R. Me quedé con la miel en los labios de reaparecer en La Flecha en la final del Castellano de Oro. Antes de eso tuve momentos de todo tipo. La cabeza en esas circunstancias te hace pensar mucho, valorar tu vida, lo que haces y por qué lo estás haciendo. Esta cogida me ha dado la oportunidad de conocer muchas cosas del mundo del recorte que desde fuera no se ven, como que somos el último mono de la Tauromaquia. Ni siquiera estamos dados de alta en la Seguridad Social, y tampoco tenemos unos seguros en los festejos que nos cubran la rehabilitación para poder volver estar en forma y que no tengamos que desembolsar todo de nuestros bolsillos. No mencionaré el tema económico porque es de risa, pero no se que tendrá este mundo que aún así, sigo teniendo la idea de reaparecer en cuanto me den la oportunidad, y estaré preparado para ello a pesar de que todavía me queden unas cuantas semanas de recuperación.

Los retos de cara al próximo año no me los he planteado. Solo me gustaría volver a plazas donde este año he disfrutado como Zamora, Soria, Vistalegre, Villarcayo o Babilafuente. Además de quitarme la espinita de pisar la plaza de La Flecha y de volver a actuar en Corella, donde di mi peor versión con un toro que no se arrancaba y no pude mostrar lo que tenía dentro. Y bueno, reventar Burgos sería increíble. A muchos les puede extrañar que no haya puesto Zaragoza. No es que la haya cogido manía o que no quiera volver. Pero creo que el poder estar allí lo decidirá mi actuación durante la temporada. Este año me dieron la oportunidad y creo que dejé mi sello en el ruedo. Ojalá este año pueda seguir a ese nivel y me vuelva a ganar la oportunidad de estar allí.

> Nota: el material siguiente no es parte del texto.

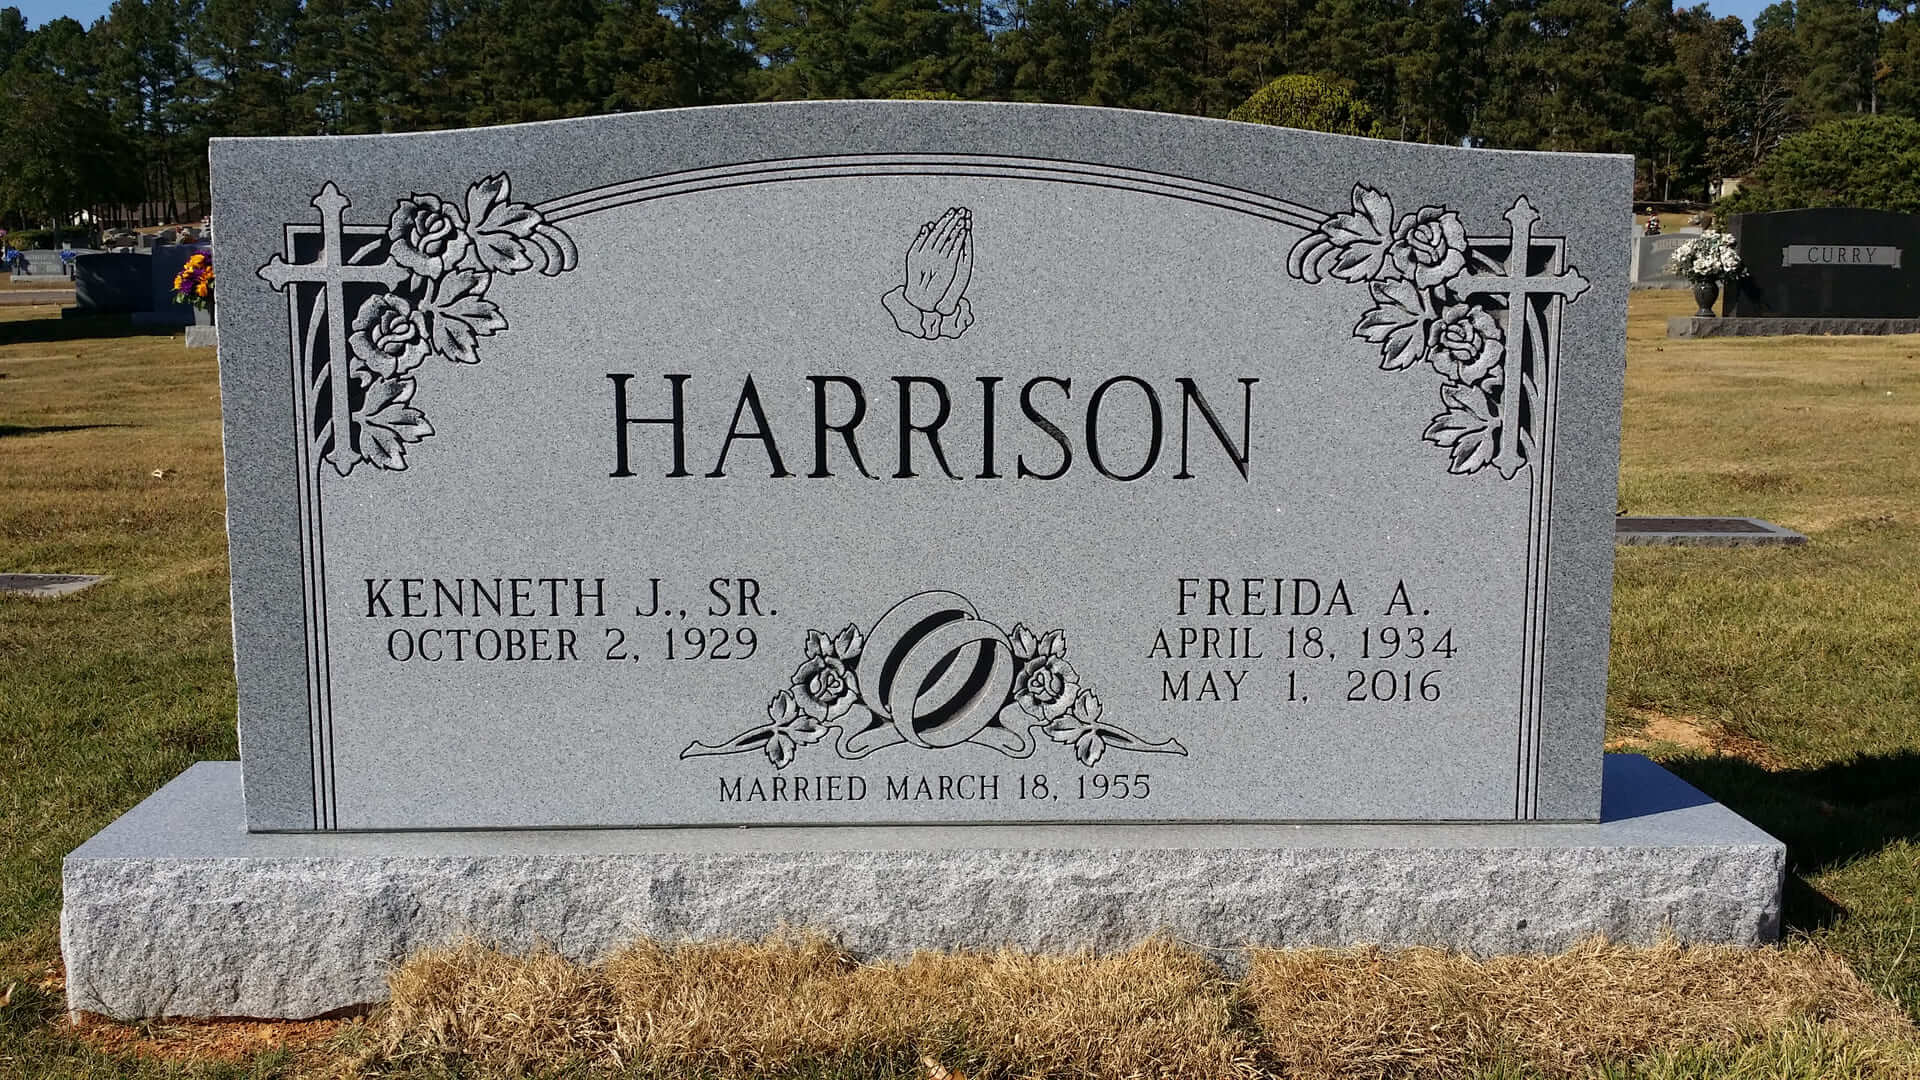 A memorial slab for Harrison at the graveyard
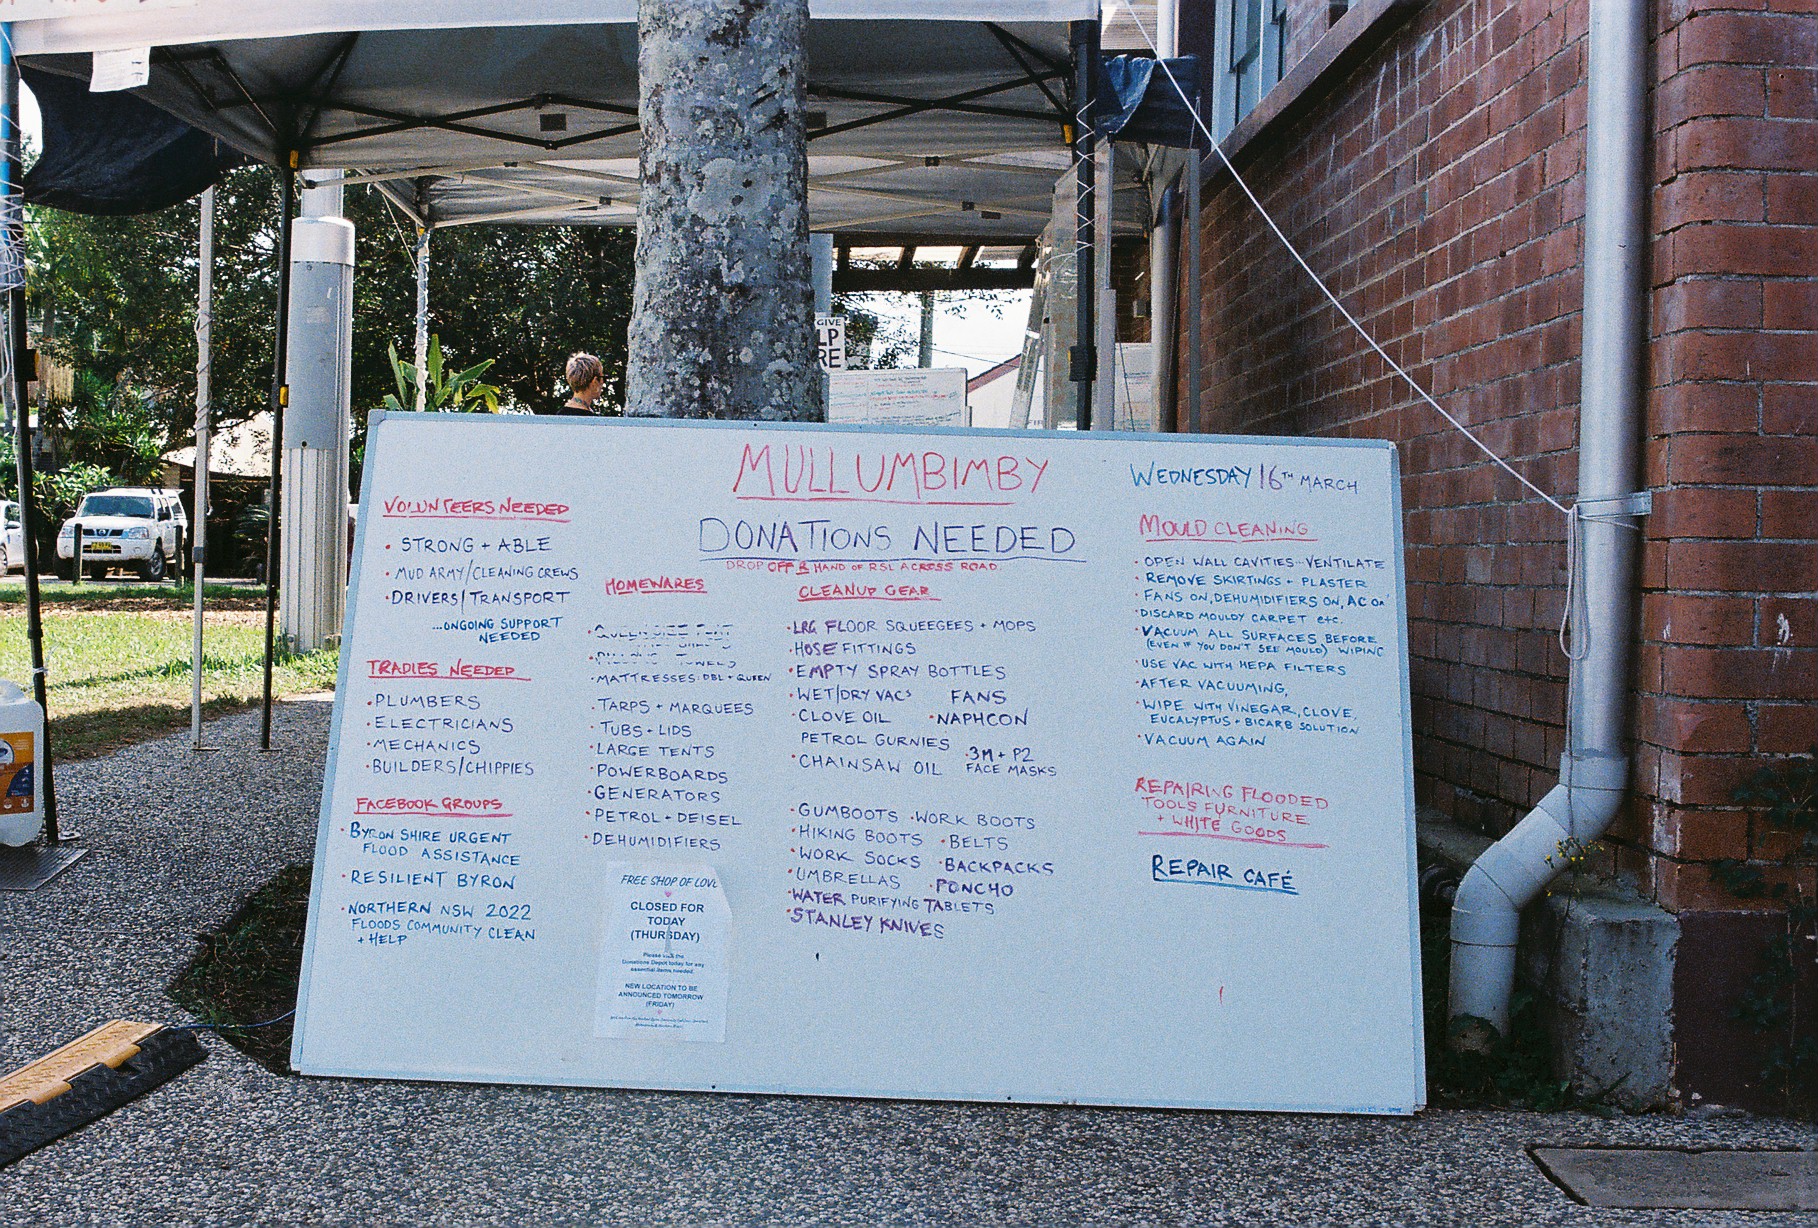 A white board outside Mullumbimby Neighbourhood Centre lizsts tasks that need being done for the flood recovery efforts

Antes de cerrar la entrevista quiero aprovechar, primero, para agradecerles por hacerme esta entrevista y dar voz a mis palabras. Y segundo, para volver hacer hincapié en el tema de valorar a los recortadores. Señores empresarios, me da igual que sean los de Tauroemocion, Toro Duero, Talento Castellano, Tororecorte, Astauro, Ruedo Arte, Team Toro o Toropasión. ¿No creéis que ha llegado la hora de que nos valoréis como se merece, dándonos unas subvenciones dignas según la plaza en la que actuemos? No se puede cobrar lo mismo en un pueblo de Burgos, como es Lerma, que en la capital del festejo popular, Zaragoza. No se puede comprender que a día de hoy no estemos dados de alta en la Seguridad Social. Banderilleros, Mozos de Espada o el toreo cómico cotizan y tienen unas bases para ello, tienen un paro y unas condiciones laborables dignas. Y nosotros… Una mano delante y otra detrás. Y encima pasándonos los cuernos de los toros por el pecho, a centímetros del corazón. ¡Valoradnos señores empresarios, valoradnos!

P. Agradecemos su sinceridad y amabilidad. Suerte para el próximo año. 

R. Muchas gracias de nuevo y un fuerte abrazo. 

«Aguilucho» al quiebro en su plaza, Burgos. Sergio Reglero.